WASHINGTON – In a narrow ruling issued Friday, the U.S. Supreme Court said that abortion providers in Texas may sue the state over its nearly complete ban on the procedure, however the justices will let the law remain in effect while it continues to be challenged in the lower courts.

The 8-1 ruling comes more than a month after the high court heard arguments over the law colloquially referred to as Senate Bill 8, which bans abortion after six weeks of pregnancy and at a point when most women are still unaware they are pregnant.

The opinion written by Associate U.S. Supreme Court Justice Neil Gorsuch stresses the ultimate point merits question of whether the Texas law is constitutional “is not before the Court.”

The court’s ruling also stated that abortion providers can challenge the Texas law, but only Texas licensing officials can be sued, not anyone else like the state’s Attorney General.

The Court granted certiorari before judgment in this case to determine whether, under our precedents, certain abortion providers can pursue a pre-enforcement challenge to a recently enacted Texas statute. We conclude that such an action is permissible against some of the named defendants but not others.”

Legal experts are saying that today’s ruling is “at best only a partial victory for abortion providers.” They point out that the same U.S. District Court judge in Dallas who already has once blocked the law is almost certainly going to be asked to do so again.

Reacting to the ruling, the White House issued a statement by President Joe Biden:

I am very concerned by the Supreme Court’s decision to allow SB8 to remain in effect in light of the significant consequences that law has for women in Texas and around the country, and for the rule of law. As I have made clear from Day One, I am deeply committed to the constitutional right recognized in Roe v. Wade nearly five decades ago.
 
While it is encouraging that the Court ruled that part of the providers’ lawsuit may continue, this ruling reinforces that there is so much more work to be done—in Texas, in Mississippi, and in many states around the country where women’s rights are currently under attack. I will continue to work with Congress to pass the Women’s Health Protection Act. We have more work to do, but I will always stand with women to protect and defend their long-recognized, constitutional right under Roe v. Wade.”
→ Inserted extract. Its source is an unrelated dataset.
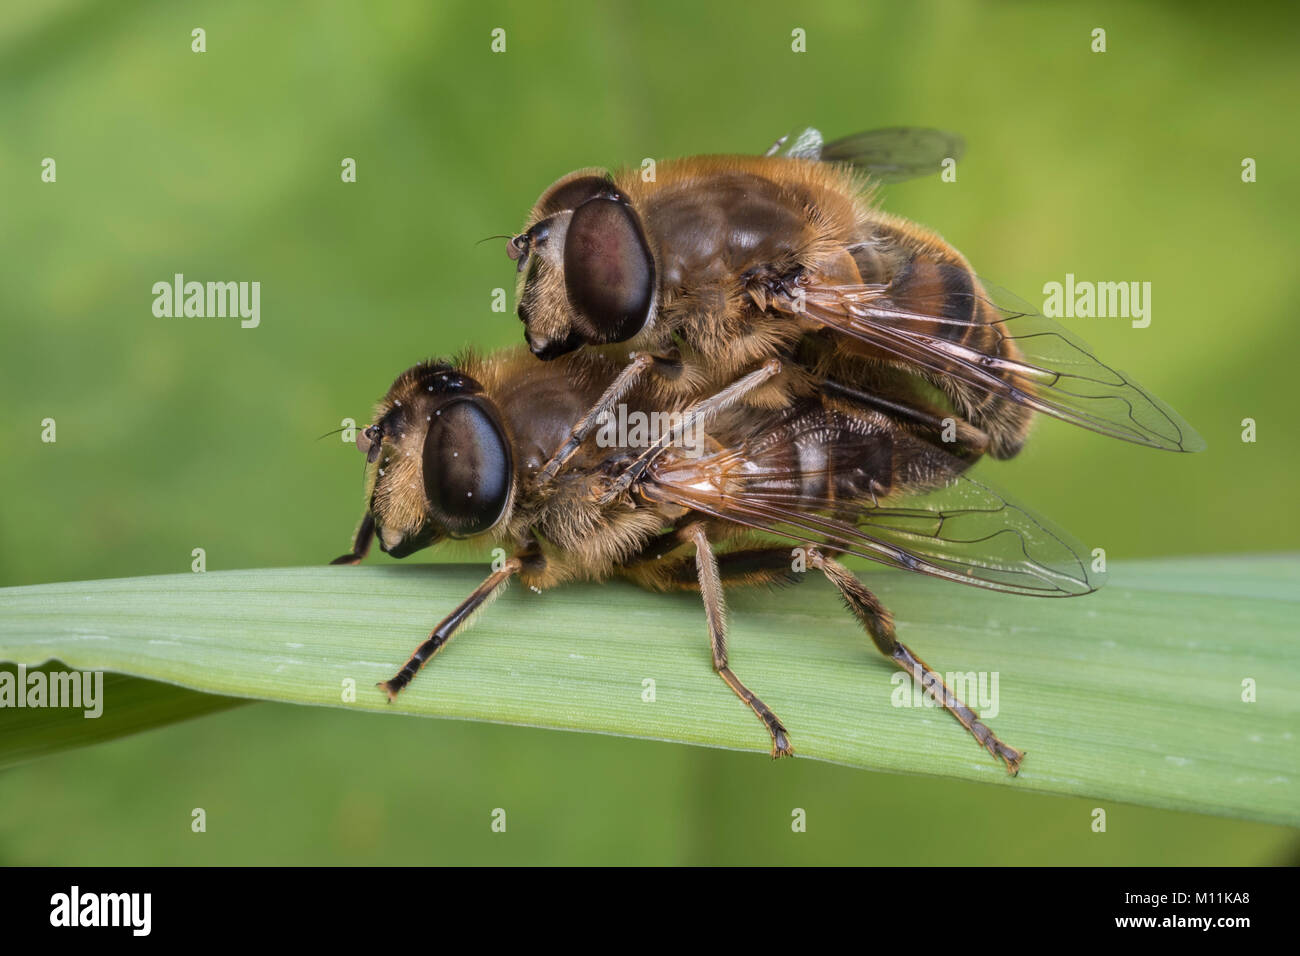 Mating Hoverflies (Eristalis sp.) on a stem of grass in wetland habitat. Cabragh Wetlands, Thurles, Tipperary. Stock Photo

Kierra Johnson, Executive Director, of the National LGBTQ Task Force reacted saying in a statement;

Today, the Supreme Court upheld the restrictive and discriminatory abortion ban in Texas to continue, which will harm women and pregnant people, especially in communities of color. People in Texas and states considering similar bans across the country will continue living in fear and a state of on-going legal battles to access constitutionally protected medical care.

The high court’s allowing abortion providers to file federal lawsuits against laws like Texas’ may seem like a step forward, but we know the truth: it can take years for cases to make their way through the courts. This decision creates a long road of more litigation, challenges and worst of all, obstacles for individuals seeing access to abortion and related reproductive healthcare.”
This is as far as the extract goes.